For mostly academic reasons, I've been learning how to interpret the Cluster Chain Run from the Data Attribute Block from an MFT Record from a NTFS volume.
I watched a video that walks through an example. Here's the example:
Flags | Cluster count | First cluster
41
02
f8 38 c7 01
21
02
c5 07
31
04
83 43 01
21
08
c0 fc
31
10
44 0b 00
31
01
f7 ef f9
21
1f
c6 e7
21
10
6b 28
31
01
00 52 e4
Now, the video shows some disk editing software that is interpreting the hex output. This is helpful, because the author of the video completely skips over at least 3 fundamental concepts:
- The "First cluster" field is cumulative. Easy enough to figure out if you use a calculator.
- The "First cluster" field is a signed integer, so that it can navigate backwards on the disk.
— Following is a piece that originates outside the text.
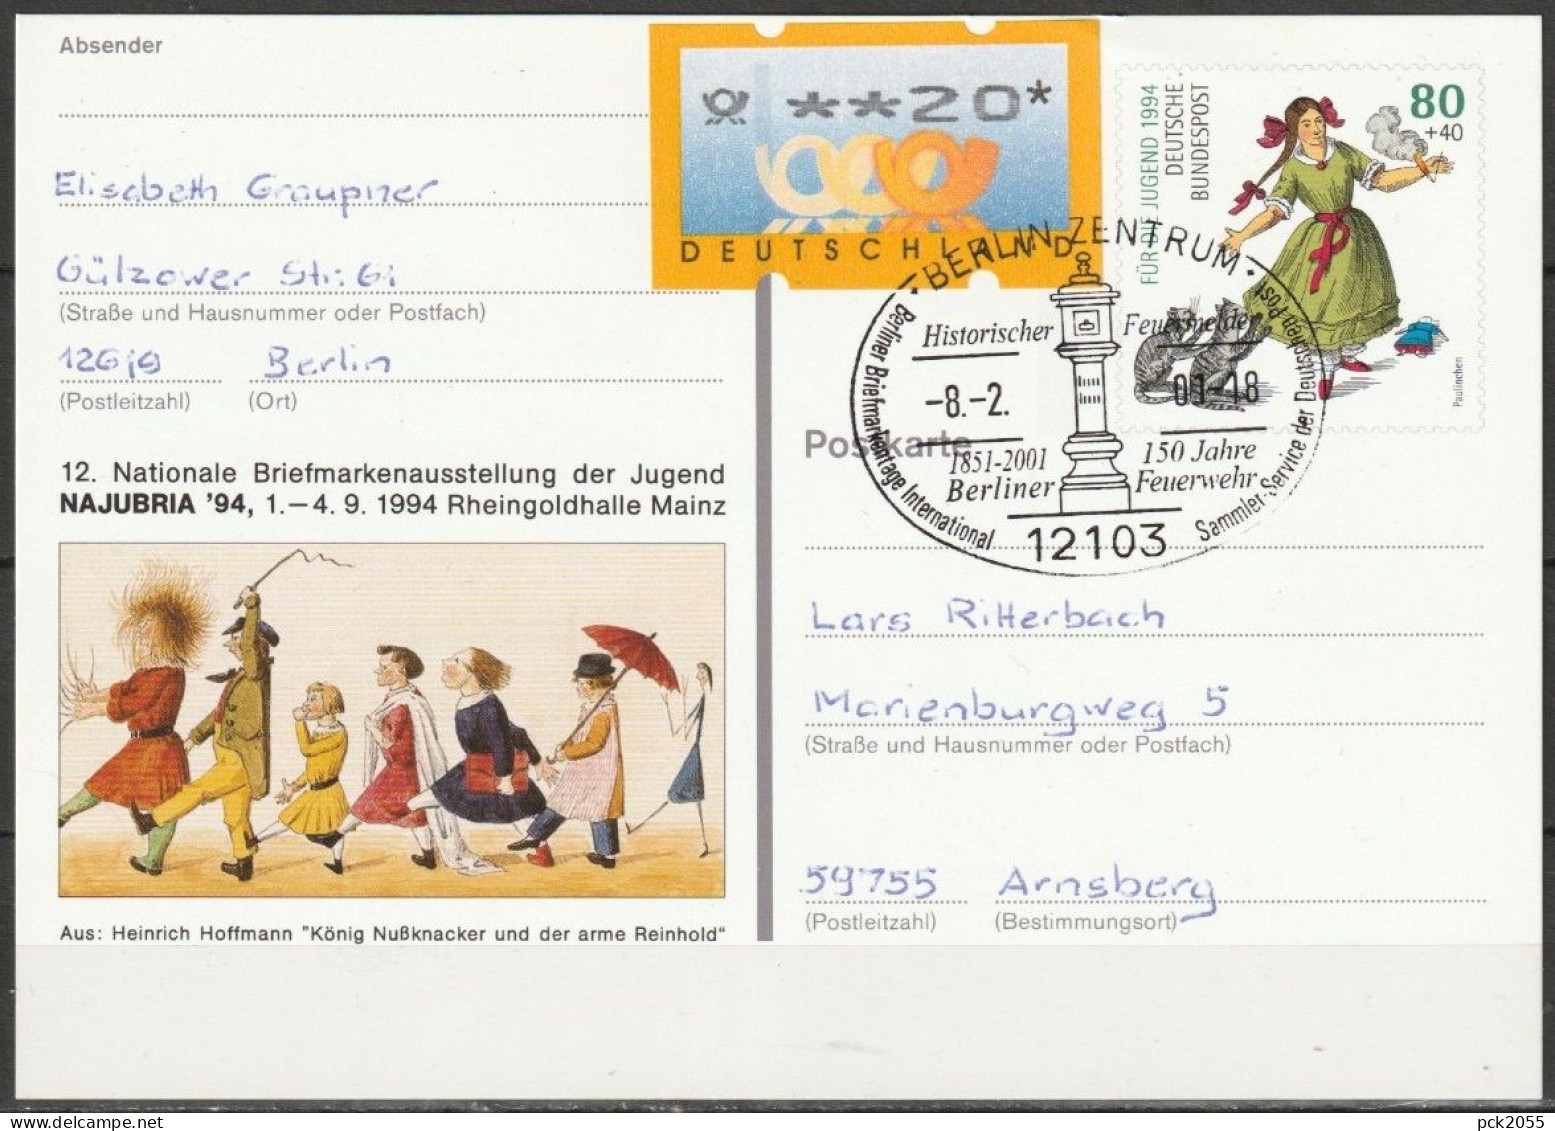 BRD Ganzsache 1994 PSo 34 NAJUBRIA 94 Mainz SST. Berlin Historischer Feuermelder 8.2.2001 (d 3547)günstige Versandkosten - Cartes Postales - Oblitérées

This was trickier to figure out, but I got it.
- The third completely ignored concept is when the the least significant byte of the "First cluster" field is zeros. Since these fields are interpreted little-endian, and since this is a flexible-length field (the flags say how many bytes), then why would you have leading zeros?
So, here's how I calculate it.
Flags | Cluster count | First cluster
41
02
f8 38 c7 01
2 clusters starting at cluster # 29,833,464
21
02
c5 07
2 more clusters starting 1,989 from 29,833,464, which is cluster # 29,835,453
31
04
83 43 01
4 more clusters starting 82,819 from 29,835,453, which is cluster # 29,918,272
21
08
c0 fc
8 more clusters starting 832 earlier than 29,918,272, which is cluster # 29,917,440
31
10
44 0b 00
16 more clusters starting 2,884 from 29,917,440, which is cluster # 29,920,324
This is where my math deviates from their math. They say cluster # 29,840,452. I need help here.
31
01
f7 ef f9
21
1f
c6 e7
21
10
6b 28
31
01
00 52 e4
How does the math work when you have leading zeros in one of the fields? I also have a separate example where the leading zeros are in the "Cluster count" field, not the "First cluster" field; is that treated any different?"